> [PROMPT]:
The lines from the one with "tierra-patagonia-hotel-and-spa-torres-del-paine-pool.jpg" through the last line of the material below, copied exactly and free of pictures, make up the whole answer.

> [SUPPLIED INFORMATION]:
--- --- ---
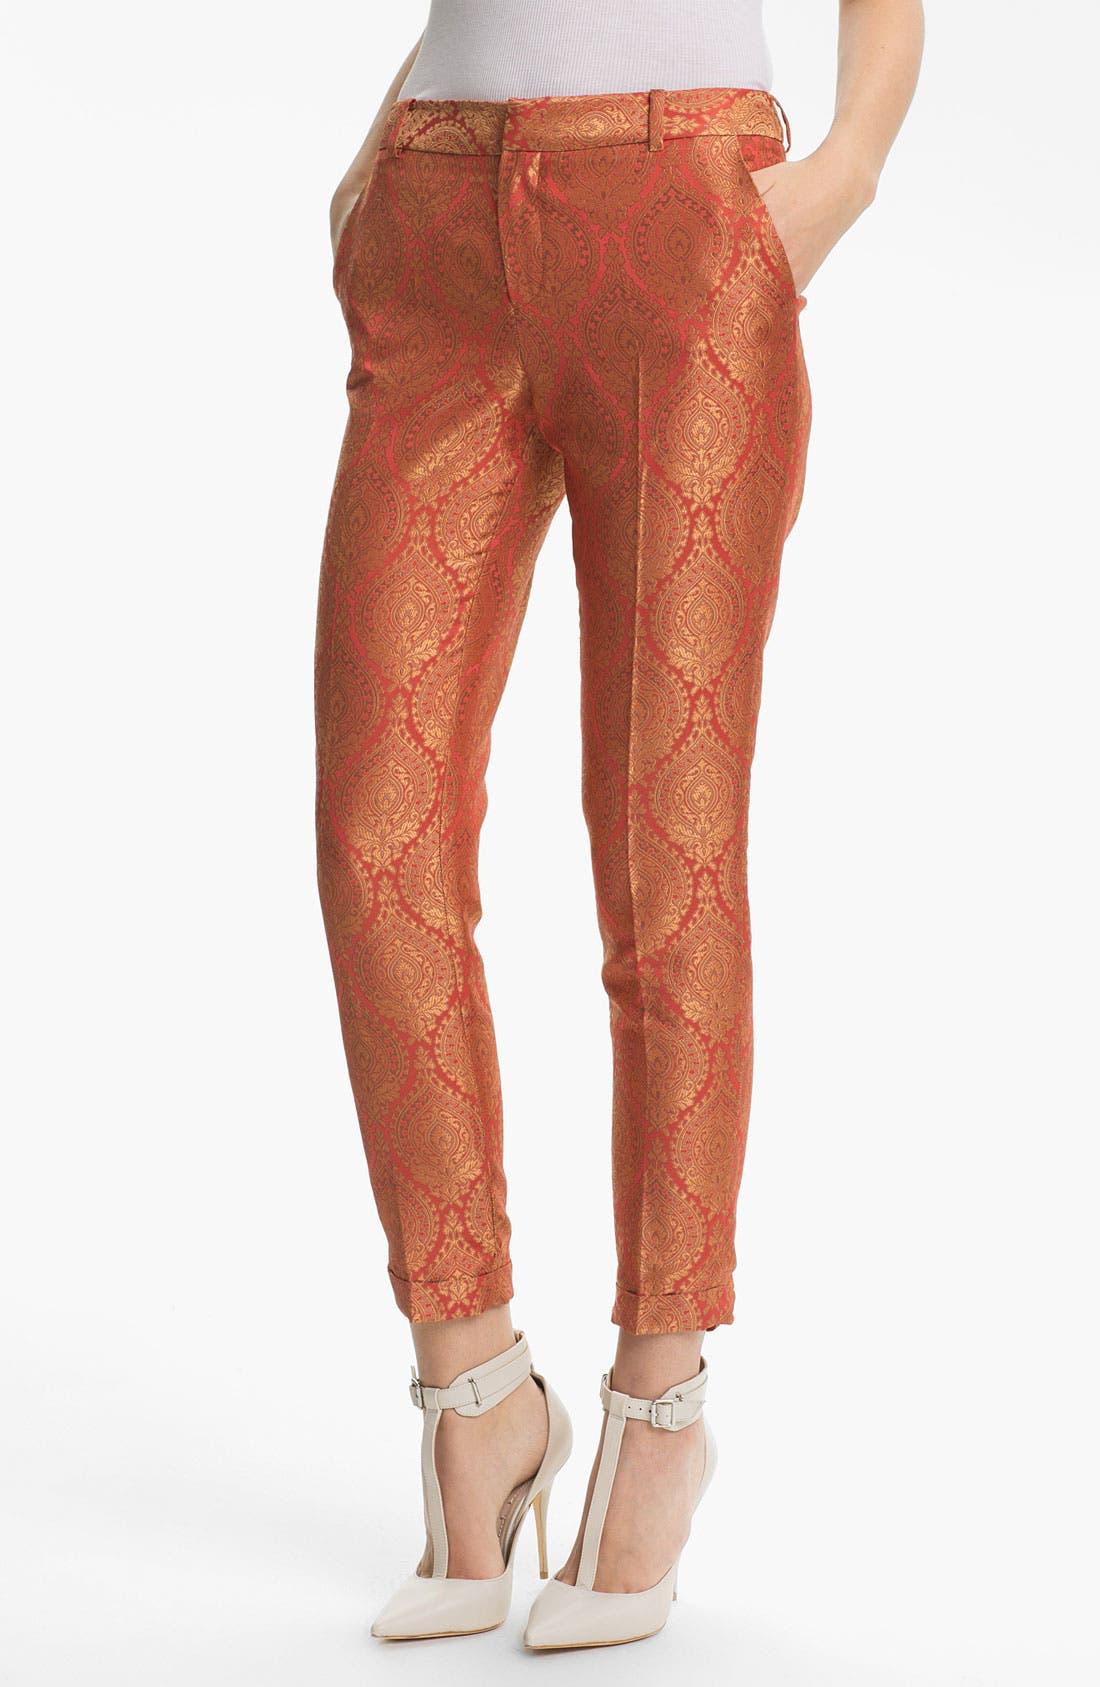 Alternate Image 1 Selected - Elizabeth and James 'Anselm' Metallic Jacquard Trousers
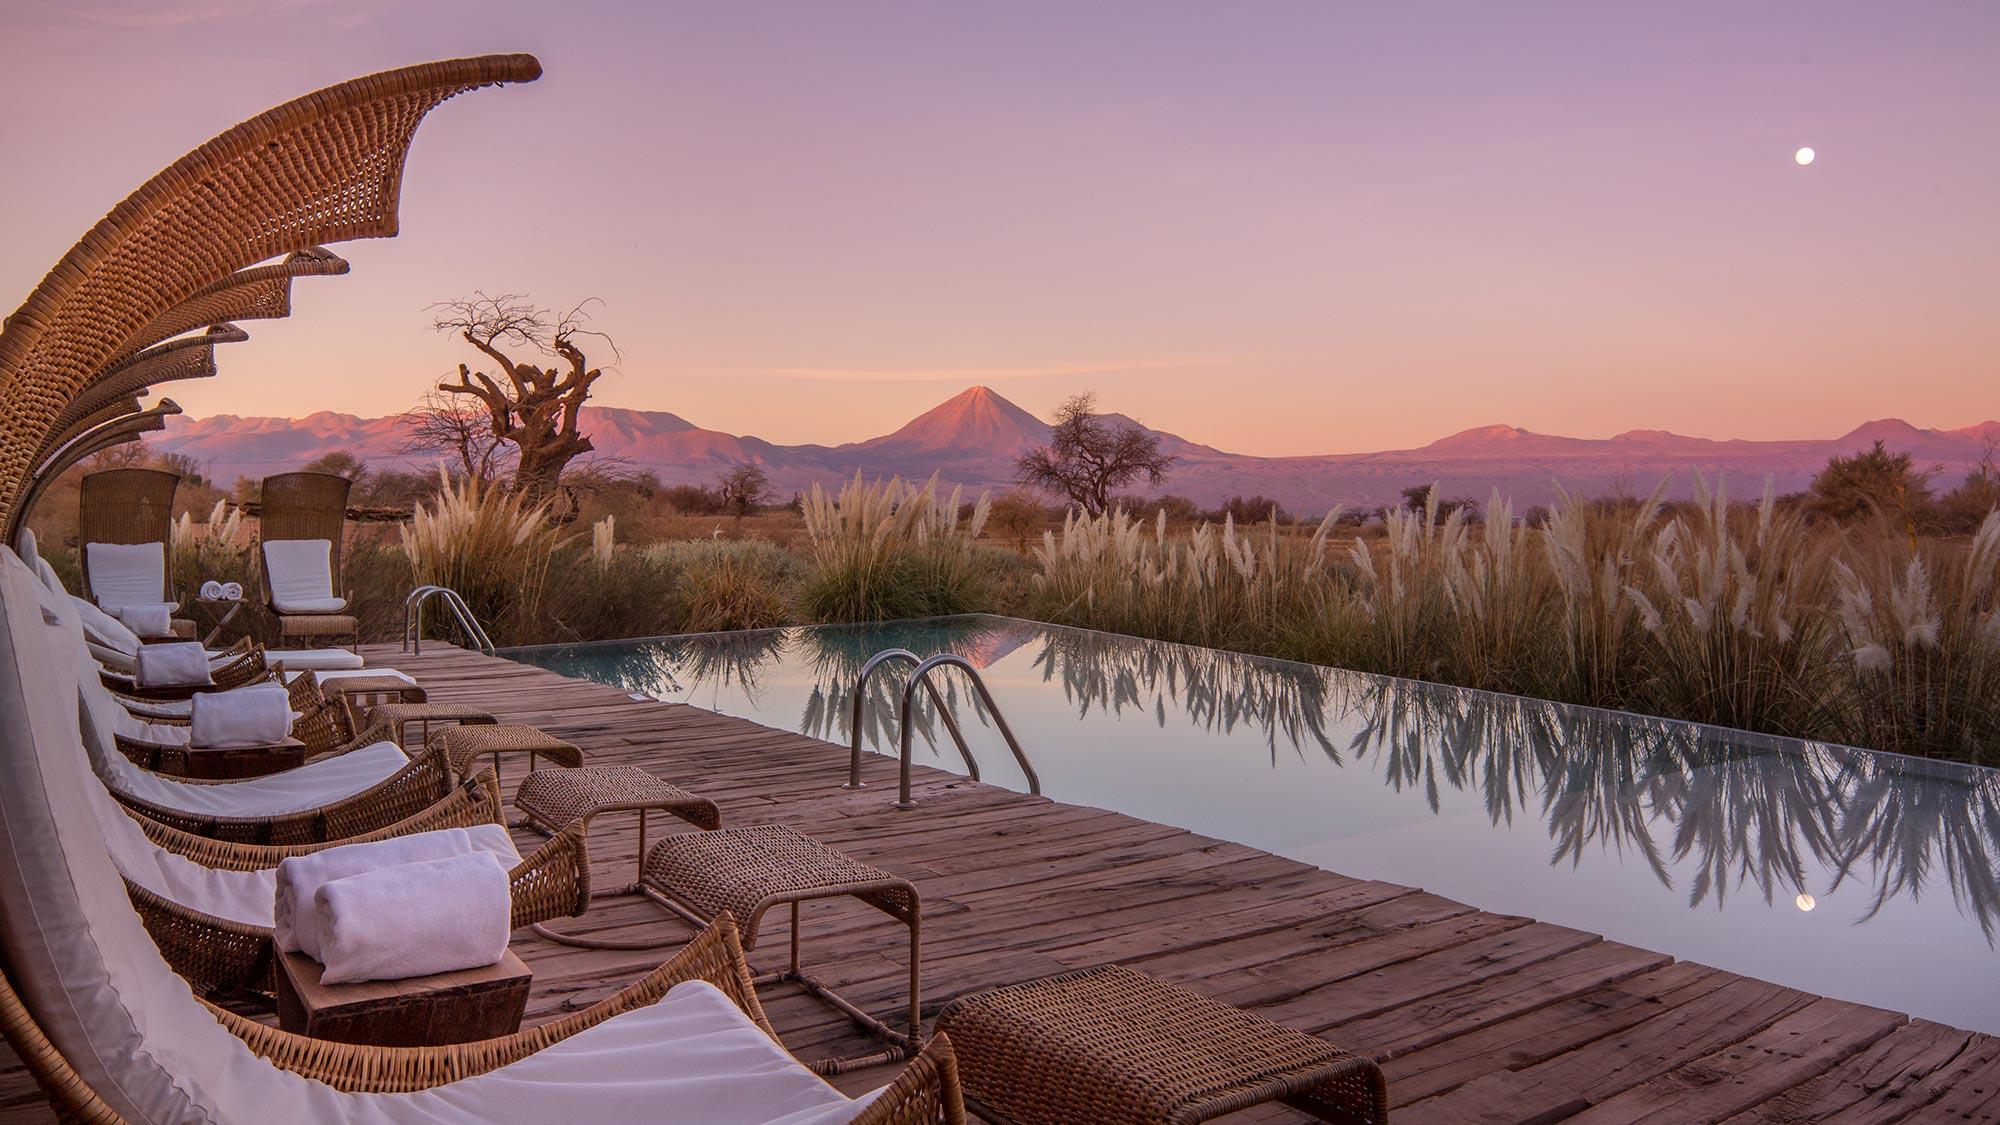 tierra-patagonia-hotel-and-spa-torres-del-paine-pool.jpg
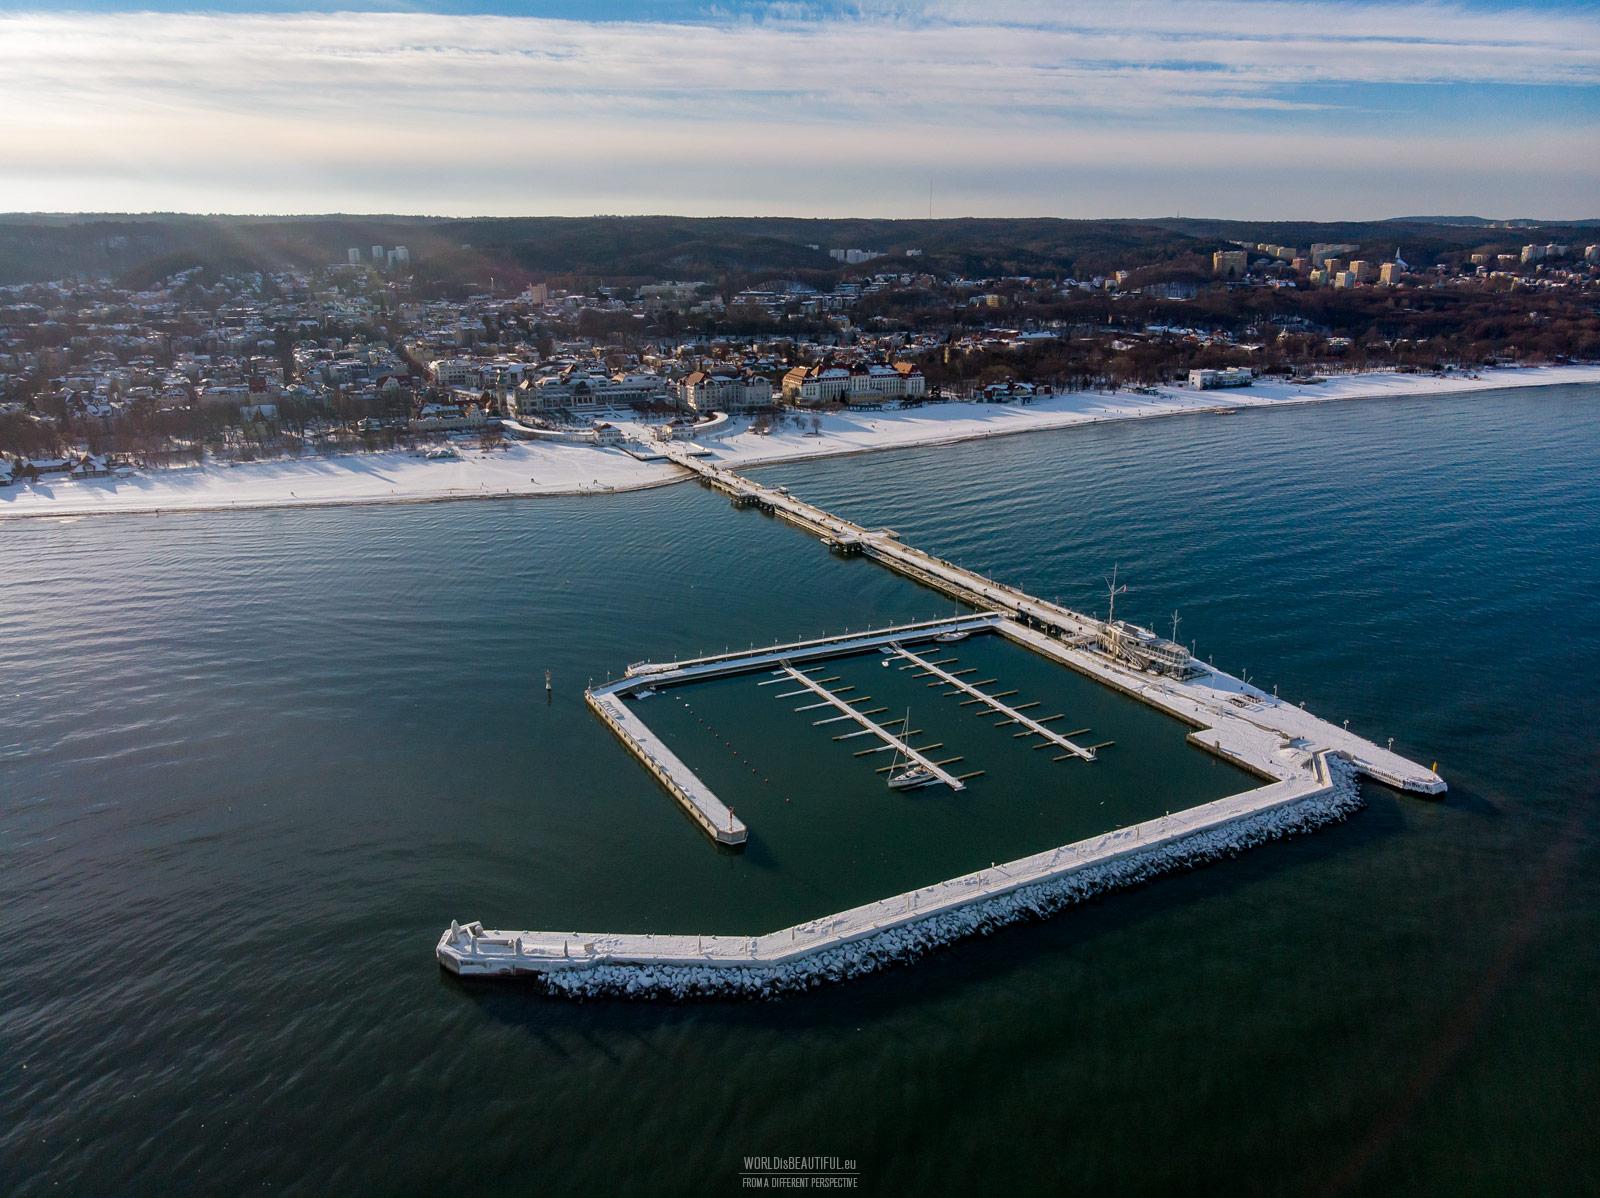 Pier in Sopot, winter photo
--- --- ---
> [WRITTEN SOLUTION]:
 tierra-patagonia-hotel-and-spa-torres-del-paine-pool.jpg
 Pier in Sopot, winter photo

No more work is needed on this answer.